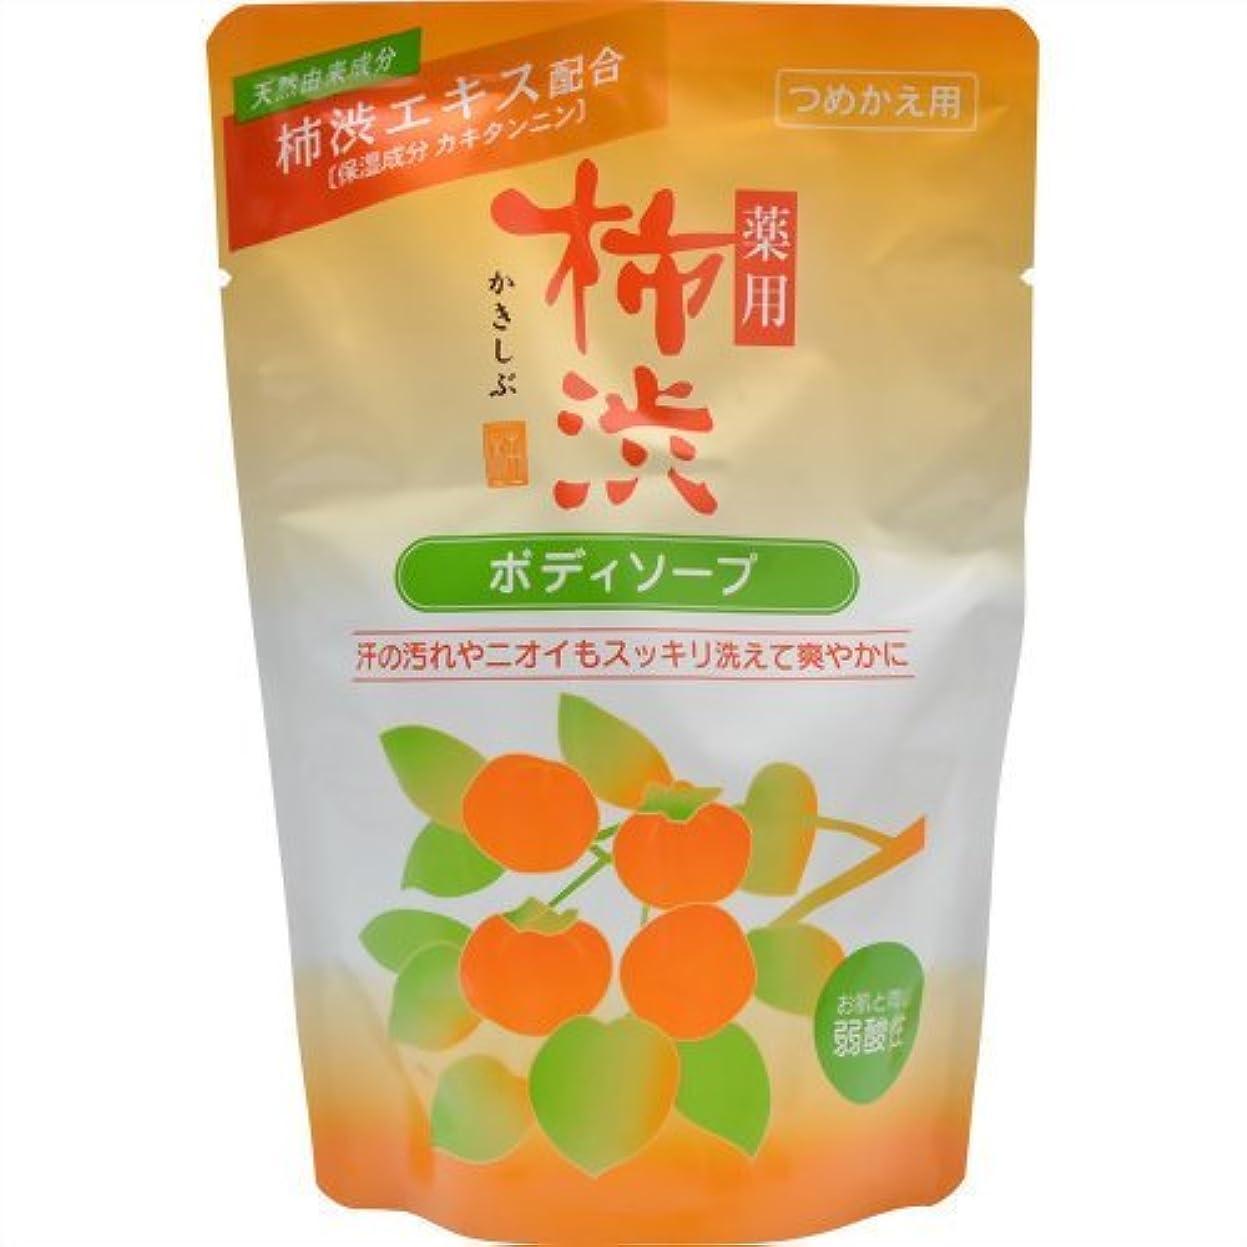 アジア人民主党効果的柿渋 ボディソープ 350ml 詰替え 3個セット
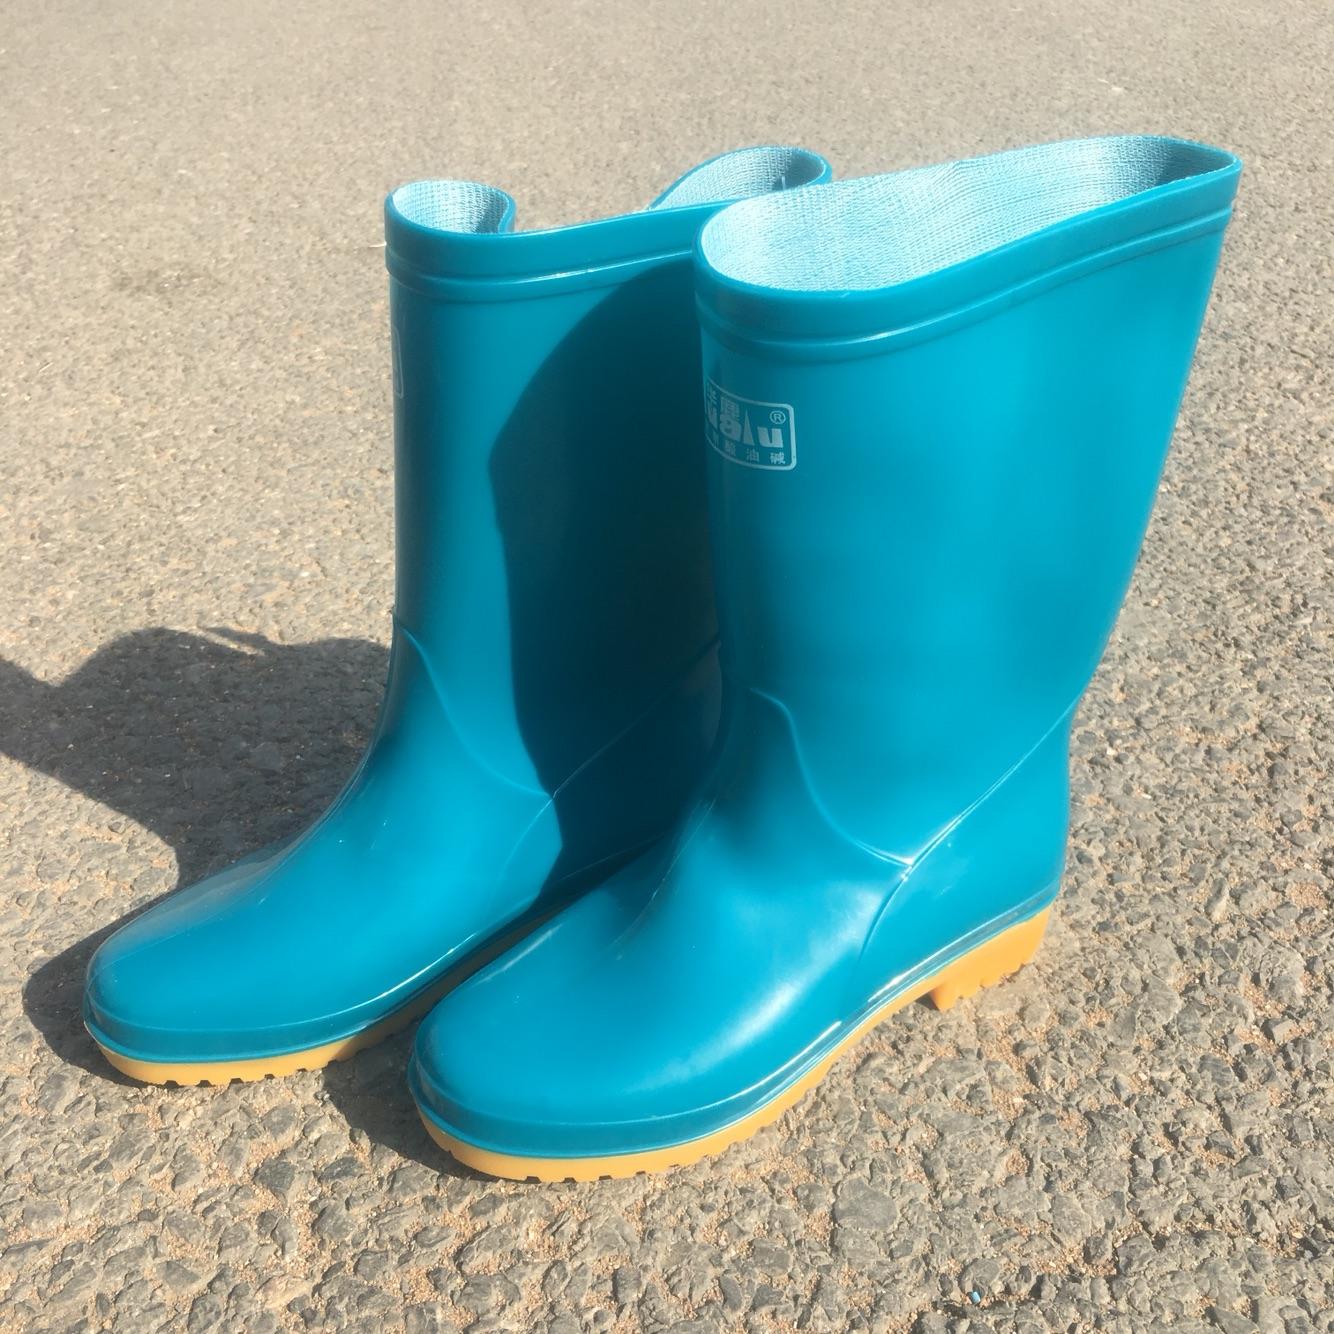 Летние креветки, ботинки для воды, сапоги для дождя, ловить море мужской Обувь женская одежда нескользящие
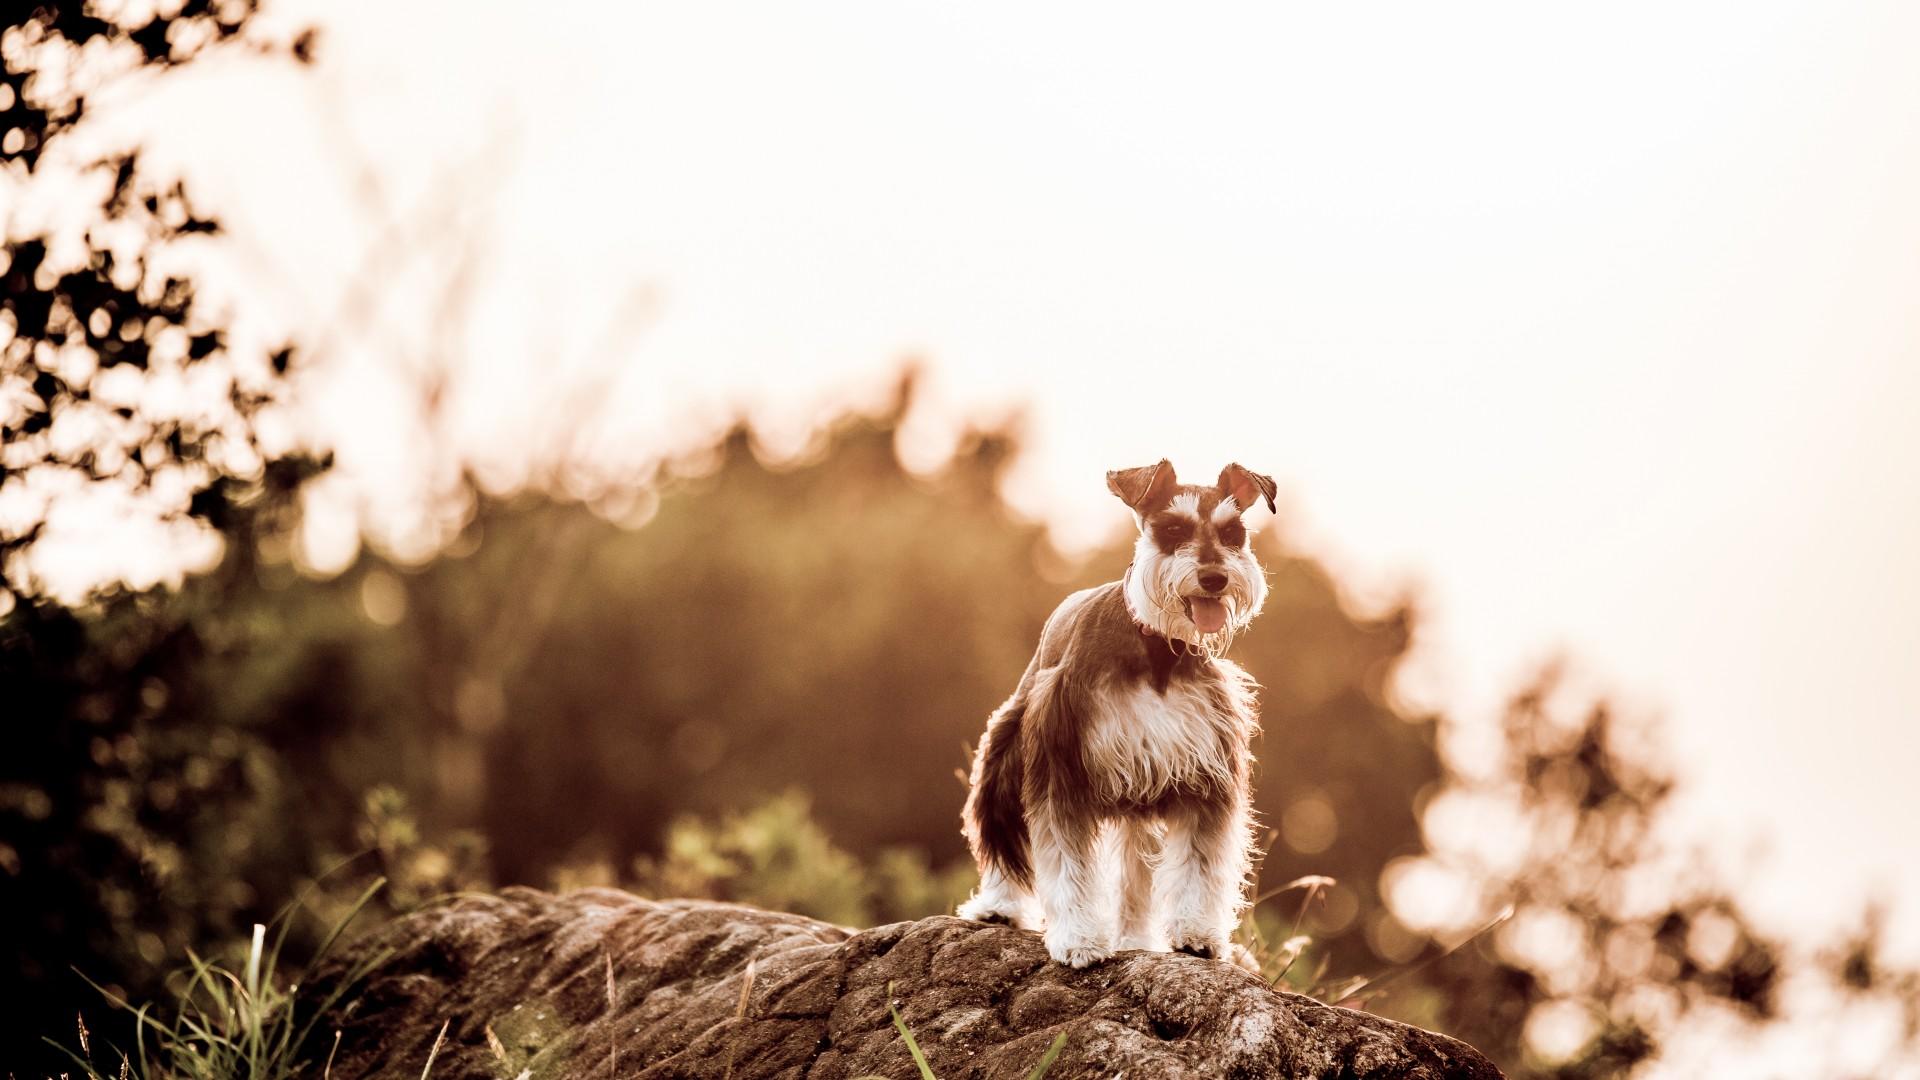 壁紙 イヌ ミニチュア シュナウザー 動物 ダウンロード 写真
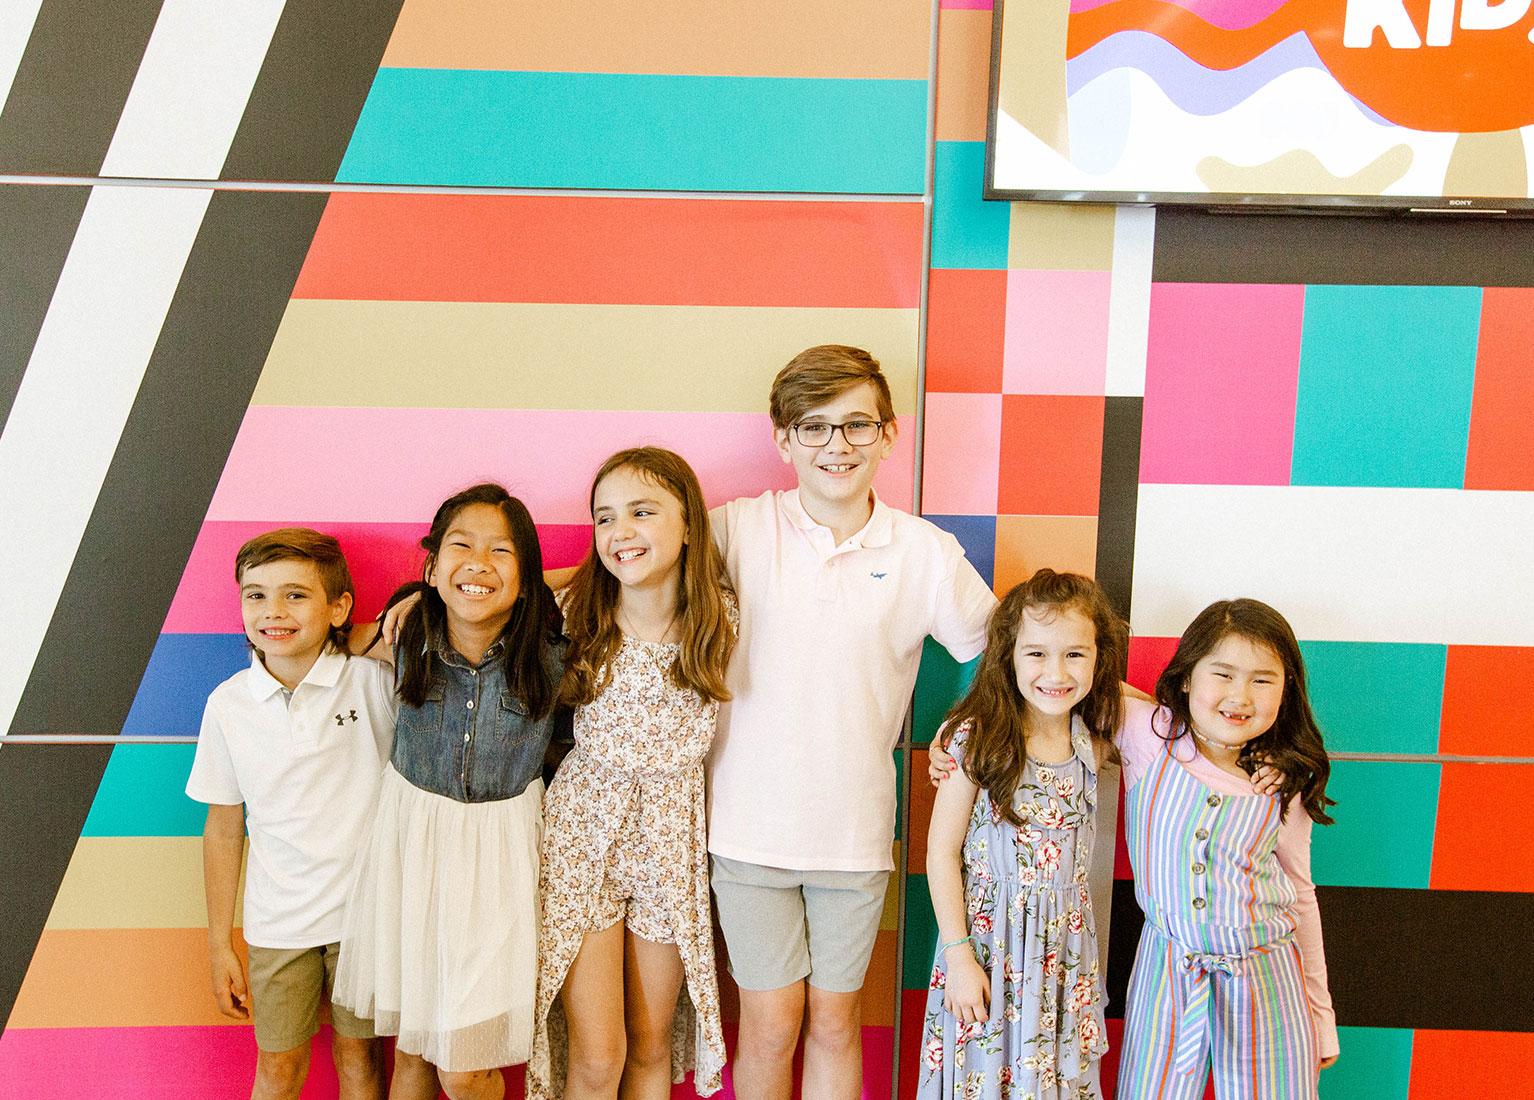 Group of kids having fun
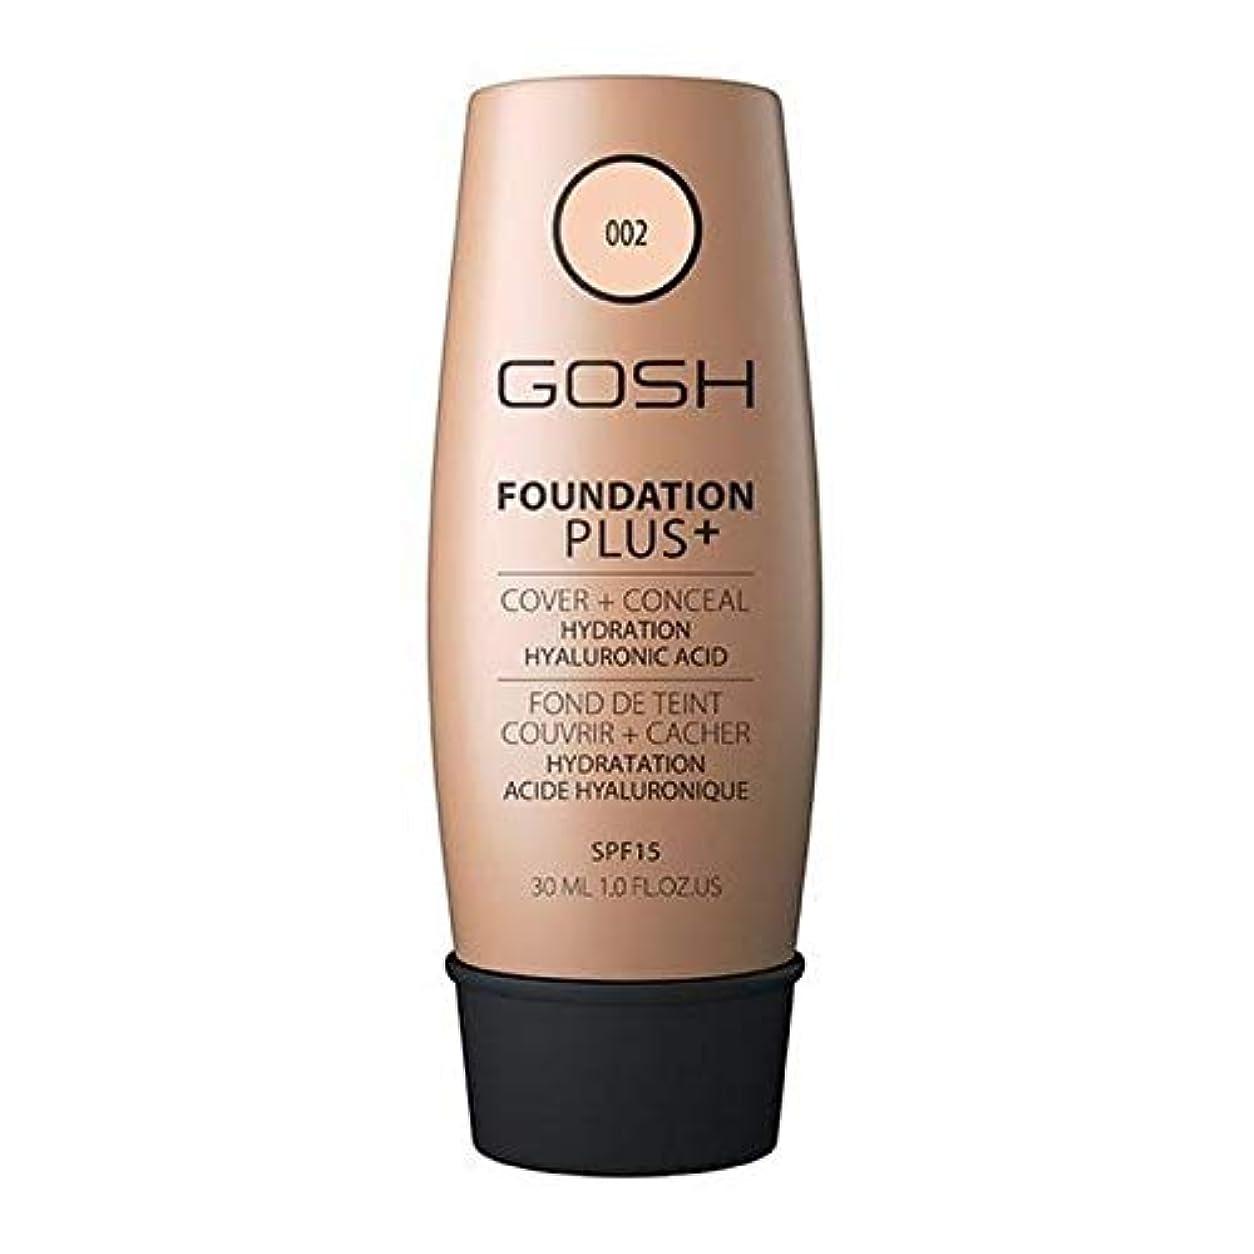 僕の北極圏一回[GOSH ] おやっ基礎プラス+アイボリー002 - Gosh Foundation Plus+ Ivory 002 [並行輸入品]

+ + + + +

• The problem: Starting with the line containing "Летние креветки, ботинки" and ending with the last line of the records above, write out each line exactly; no pictures.

• Reply:
 Летние креветки, ботинки для воды, сапоги для дождя, ловить море мужской Обувь женская одежда нескользящие
 壁紙 イヌ ミニチュア シュナウザー 動物 ダウンロード 写真
 Group of kids having fun
 僕の北極圏一回[GOSH ] おやっ基礎プラス+アイボリー002 - Gosh Foundation Plus+ Ivory 002 [並行輸入品]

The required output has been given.